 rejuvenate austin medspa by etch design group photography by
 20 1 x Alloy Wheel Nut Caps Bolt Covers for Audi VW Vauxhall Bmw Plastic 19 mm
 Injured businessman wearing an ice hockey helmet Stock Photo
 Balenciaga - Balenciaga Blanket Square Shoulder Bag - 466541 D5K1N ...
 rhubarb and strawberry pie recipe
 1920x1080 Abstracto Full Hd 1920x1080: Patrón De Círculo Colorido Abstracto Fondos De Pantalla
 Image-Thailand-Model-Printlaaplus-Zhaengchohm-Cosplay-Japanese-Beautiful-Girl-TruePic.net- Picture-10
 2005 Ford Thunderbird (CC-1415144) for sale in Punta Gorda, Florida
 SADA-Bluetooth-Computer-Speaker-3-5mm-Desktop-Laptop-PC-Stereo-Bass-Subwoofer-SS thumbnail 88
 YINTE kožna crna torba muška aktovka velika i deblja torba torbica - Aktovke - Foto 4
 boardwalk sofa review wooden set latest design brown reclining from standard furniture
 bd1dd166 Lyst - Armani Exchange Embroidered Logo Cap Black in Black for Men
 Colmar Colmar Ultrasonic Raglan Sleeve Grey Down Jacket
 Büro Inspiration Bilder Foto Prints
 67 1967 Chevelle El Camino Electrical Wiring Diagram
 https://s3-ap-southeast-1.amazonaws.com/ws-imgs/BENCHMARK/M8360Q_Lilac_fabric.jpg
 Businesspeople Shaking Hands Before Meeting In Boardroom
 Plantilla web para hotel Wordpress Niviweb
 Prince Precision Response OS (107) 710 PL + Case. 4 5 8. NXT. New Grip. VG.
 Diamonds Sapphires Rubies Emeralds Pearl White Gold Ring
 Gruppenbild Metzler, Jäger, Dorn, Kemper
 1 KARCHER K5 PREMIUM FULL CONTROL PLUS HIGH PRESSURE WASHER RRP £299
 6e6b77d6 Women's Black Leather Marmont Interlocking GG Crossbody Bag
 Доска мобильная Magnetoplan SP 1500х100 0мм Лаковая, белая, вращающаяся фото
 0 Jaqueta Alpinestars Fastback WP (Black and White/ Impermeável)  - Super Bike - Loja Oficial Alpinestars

---+---

-- Your assignment --
The lines in the entries above that carry the word "Foto" must be copied.

-- Task output --
 YINTE kožna crna torba muška aktovka velika i deblja torba torbica - Aktovke - Foto 4
 Büro Inspiration Bilder Foto Prints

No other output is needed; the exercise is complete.